Star Trek: Discovery
It’s been over a decade since Star Trek: Enterprise, the last series of the Trek franchise, has graced our television screens. I grew up in the 1990s, which was the heyday for Trek. The 90s had 3 series running almost concurrently (TNG, DS9 & Voyager) and featured 4 films (Star Treks VI to IX). Back then, I binged watched seasons with a friend during sleepovers. (Binge watching then meant going to Blockbuster and renting a stack of VHS tapes.) I spent countless hours with high school friends discussing all the ideas, themes, and concepts that Trek introduced us to – astronomy, astrophysics and other sciences, “what if” questions about the universe, ethical issues, so so on. The sorts of stuff that most teenagers pseudo-philosophically discuss, but through a geek’s sci-fi lens. I also used to attend Trek conventions and had a pretty encyclopedic knowledge of Trek trivia (like, memorizing Starfleet ship registration numbers). At the turn of the century, the output of the Star Trek universe slowed down, and that obscure knowledge started to mothball in the recesses of my brain.
When news broke of Star Trek Discovery, I was excited that my sci-fi franchise of choice was going to be back on the small screen with new content.
Television has evolved a lot since the 90s. We’re in the so-called Golden Age of television, and the episodic nature of TNG has long since been replaced by grand story arcs, sophisticated treatment of themes, and great acting. I wanted to see what Trek might look like given the advances in television story telling over the last half of my life.
After watching the first two episodes of Discovery, I am disappointed. Like Enterprise, Discovery is a prequel, and the problem with prequels is that they are constricted by events that have already happened in the future, so to speak. The new Star Trek movies try to avoid that by splitting the timeline and creating an offshoot universe. But Star Trek is about the future, and I do miss forging even further ahead in the future and exploring more uncharted territory.
With Discovery, what we get instead is an opening few episodes where we are introduced to the start of hostilities between the Klingon Empire and the Federation. Perhaps the writers will eventually make this a compelling story-line, but it’s not one that they have managed to grab my interest with. In the future Trek story-line, there is peace between the two civilizations, and how that came to be was an interesting concept.
It also doesn’t help that all the episodes so far are lacking in personality. The characters and acting feel wooden. I just don’t care about any of them, and none of them stand out.
The focal character is, for the first time, not the captain of a starship or space station, but it remains to be seen if something interesting comes from this shift in perspective. Michael Burnham’s initial personal theme of an internal conflict between emotion versus logic, child versus parent, has been done before: Spock, Data, 7. Simply reversing the dynamic by thrusting a human child into having a Vulcan upbringing feels like a gimmick.
The Klingons are also somewhat boring.
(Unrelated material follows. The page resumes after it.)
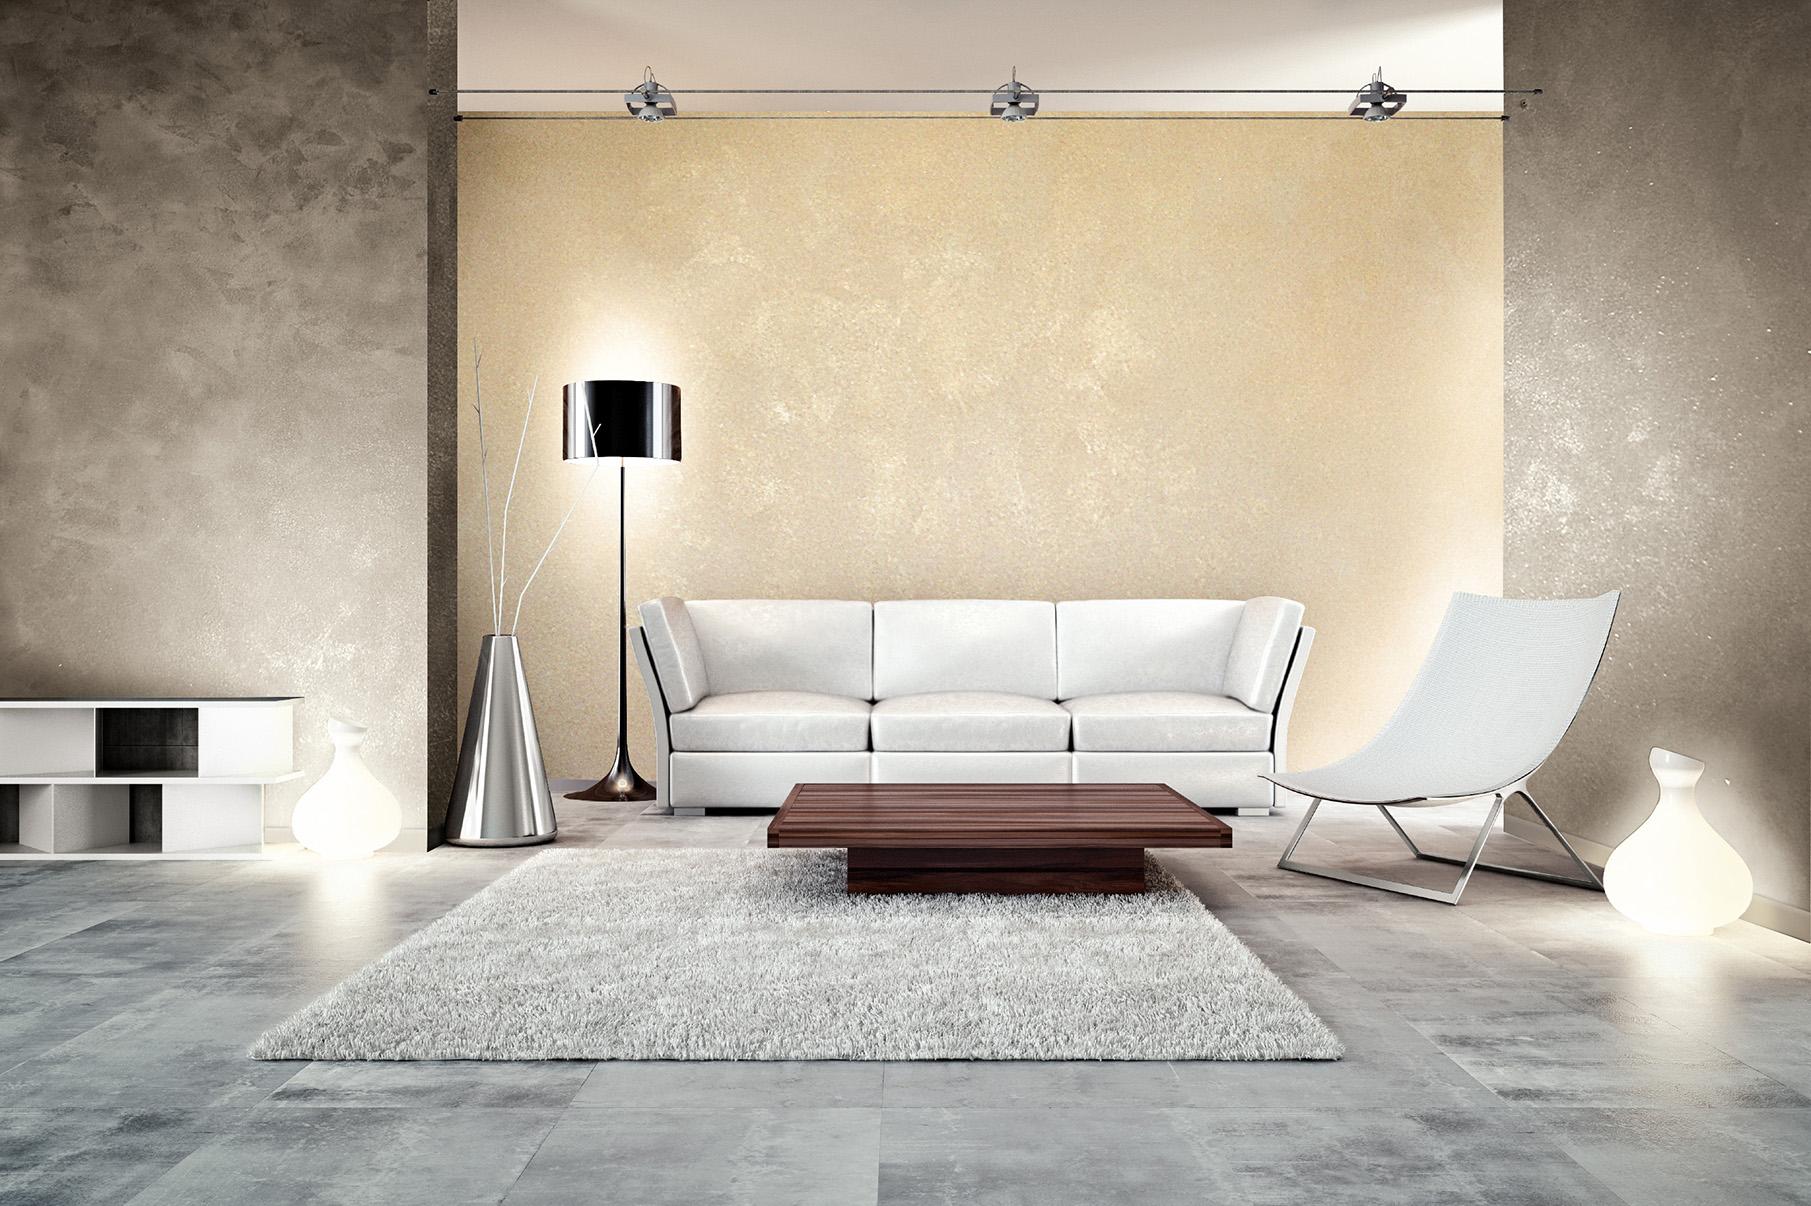 Dipinti Murali Per Interni : Pitture murali per interni con brillantini pittura per pareti

Their dialogue is slow and stilted, and even the font selection for the subtitles (ALL CAPS, SERIF, BIG) felt like a crutch to supplement the acting.
Even the theme song played during the opening credits is bland and meek. The only memorable part of it is when its closing bars throw back to the original Alexander Courage theme.
The story itself feels jumpy and contrived, unfolding unnaturally as you try to make sense of where it’s trying to go. A Klingon from nowhere shows up, recruits another houseless Klingon to be a “torchbearer” because he can hold his hand in fire for a while, and suddenly they reunite the Klingon empire. They blow up a bunch of Federation ships and then warp out of there. What?
As critical as I’ve been so far, it’s Star Trek, so I’m going to keep watching. But I do hope it starts to kick into gear.